» TASK DIRECTIONS
Pictures stay out; print the rest of the listing below exactly as it stands.

» SUPPLIED DATA
--- --- ---

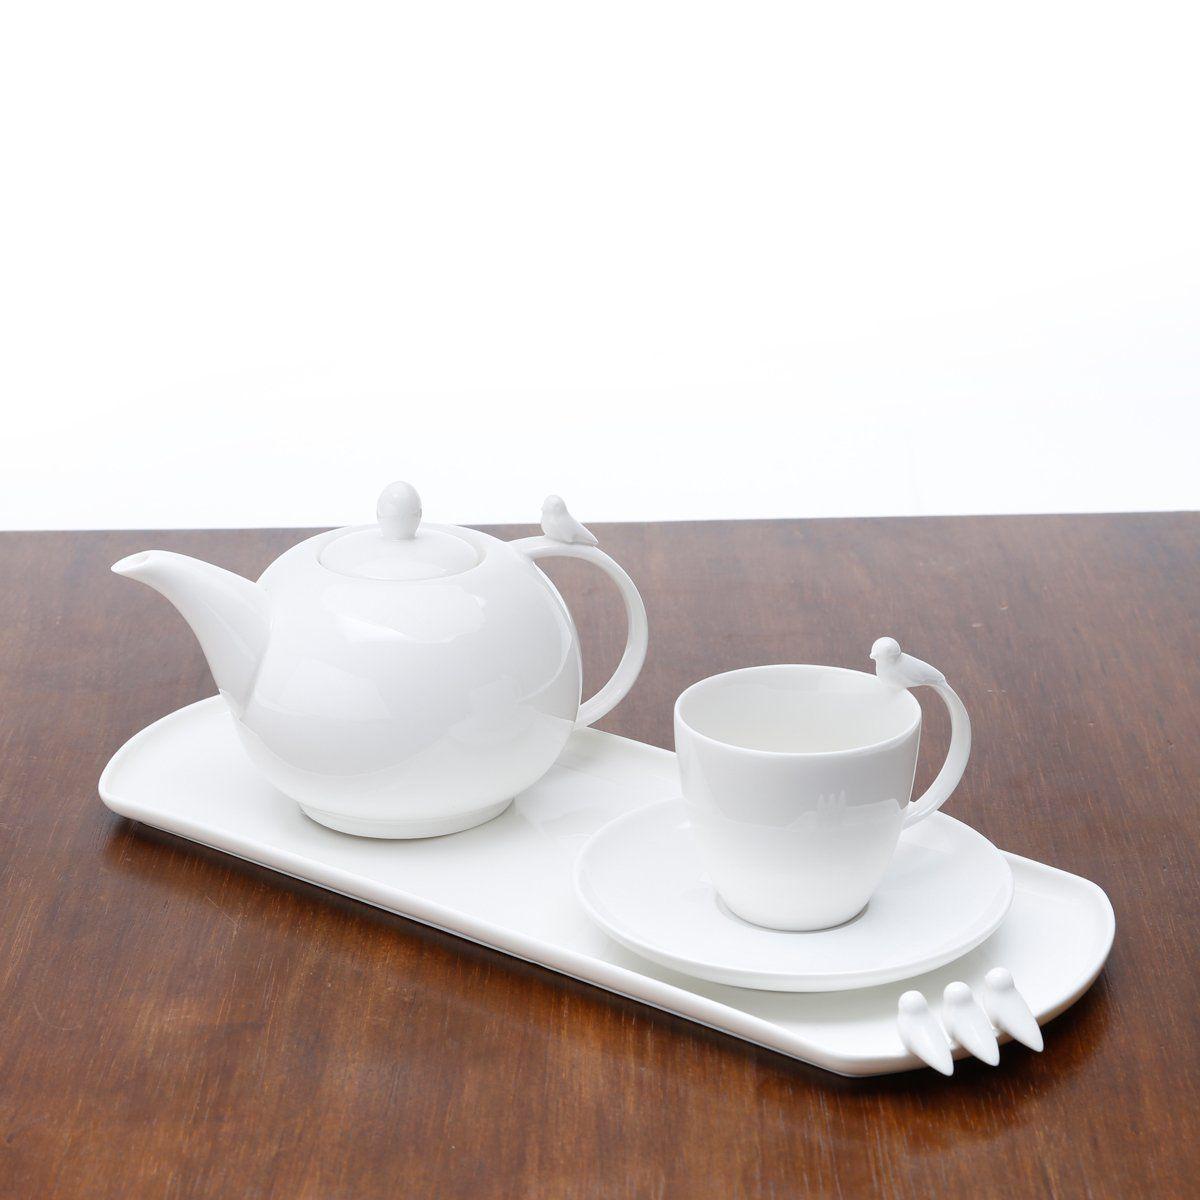 Prato 41 x 16 cm para bolo de porcelana branca Birds Wolff - 17246
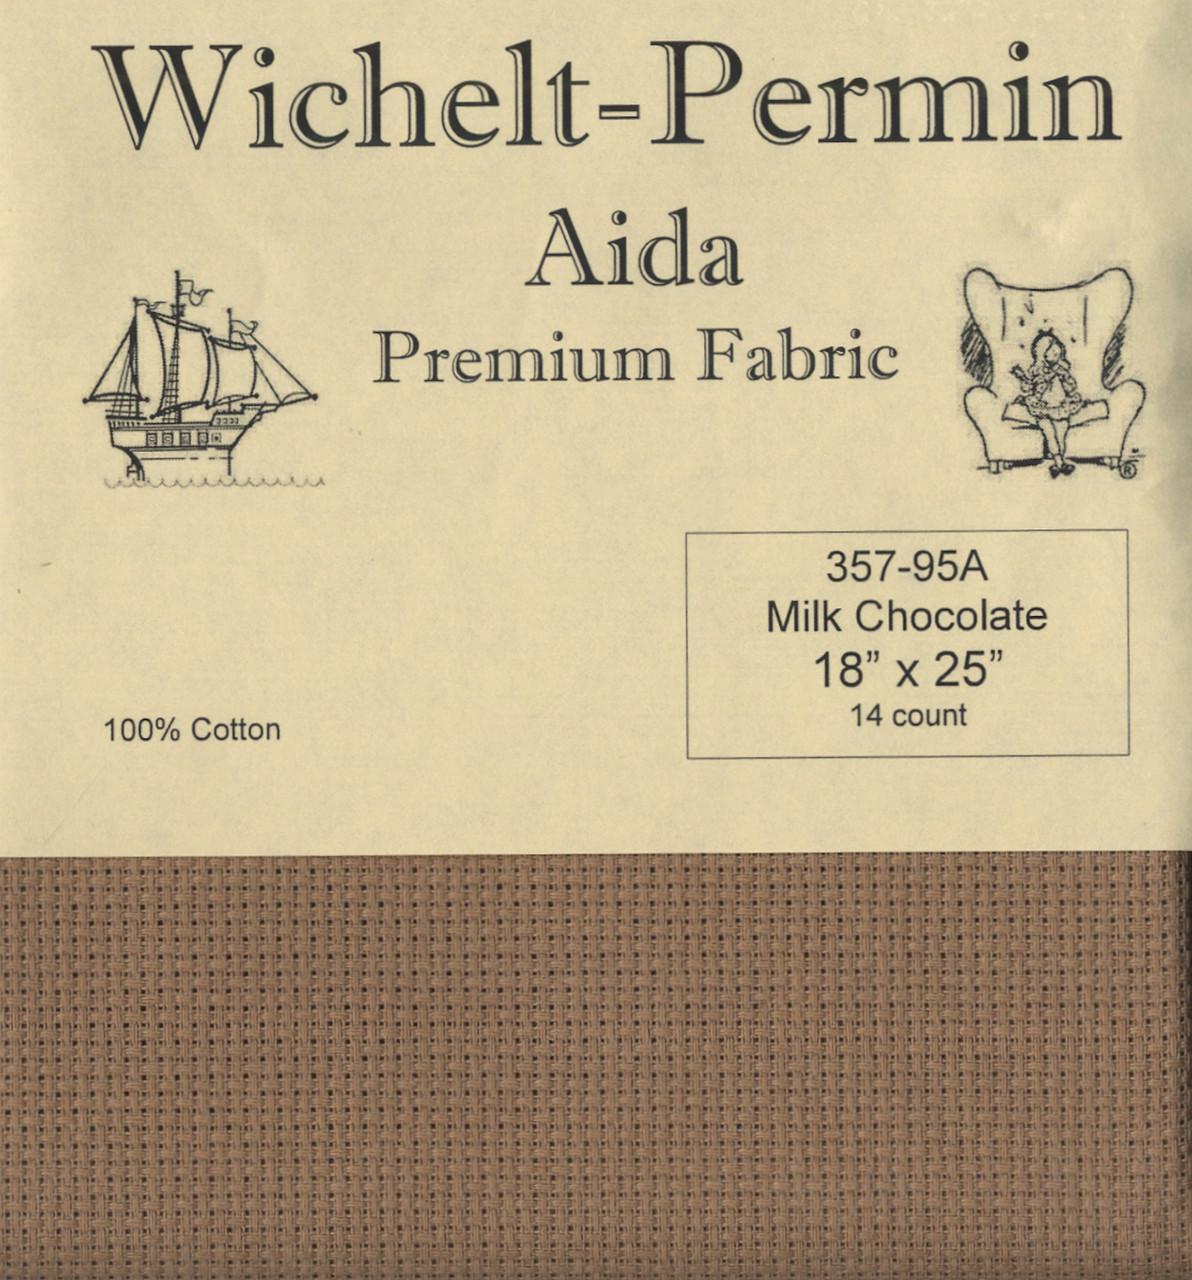 Wichelt - 14 Ct Milk Chocolate Aida 18 x 25 in
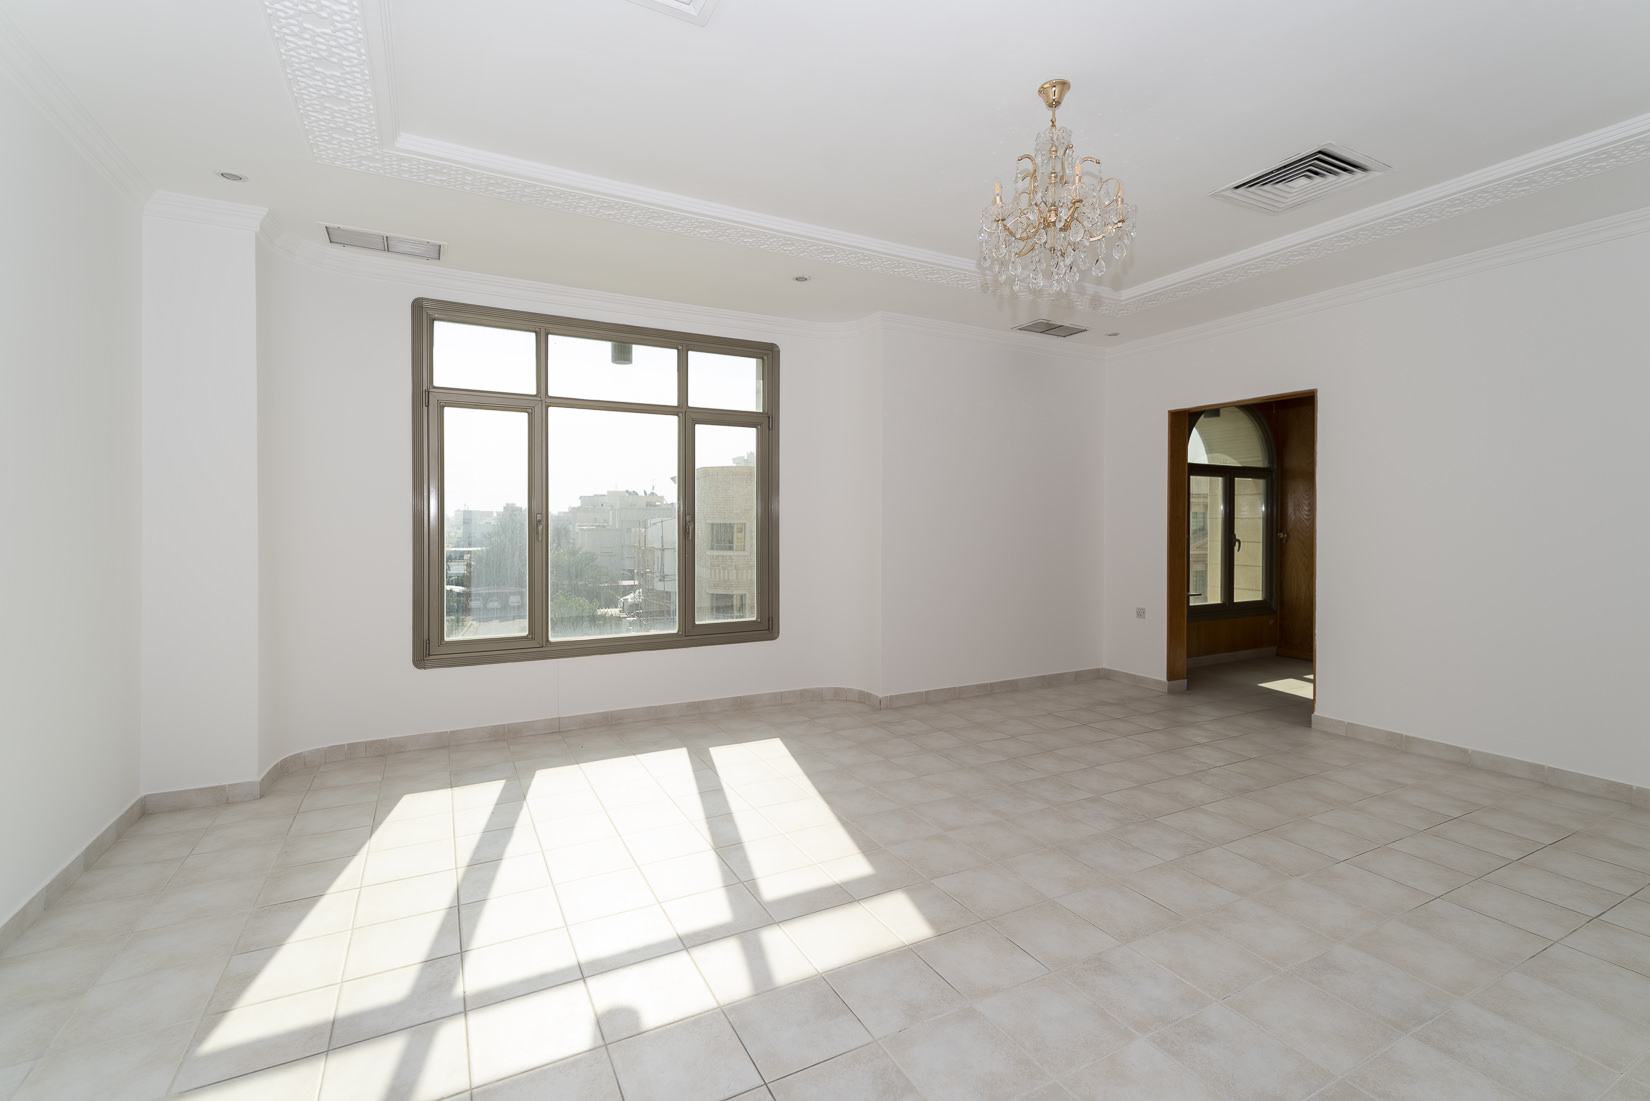 Adan – spacious, older, four bedroom floor

--- --- ---

» RESULT OF THIS EXERCISE
 Prato 41 x 16 cm para bolo de porcelana branca Birds Wolff - 17246
 Wichelt - 14 Ct Milk Chocolate Aida 18 x 25 in
 Adan – spacious, older, four bedroom floor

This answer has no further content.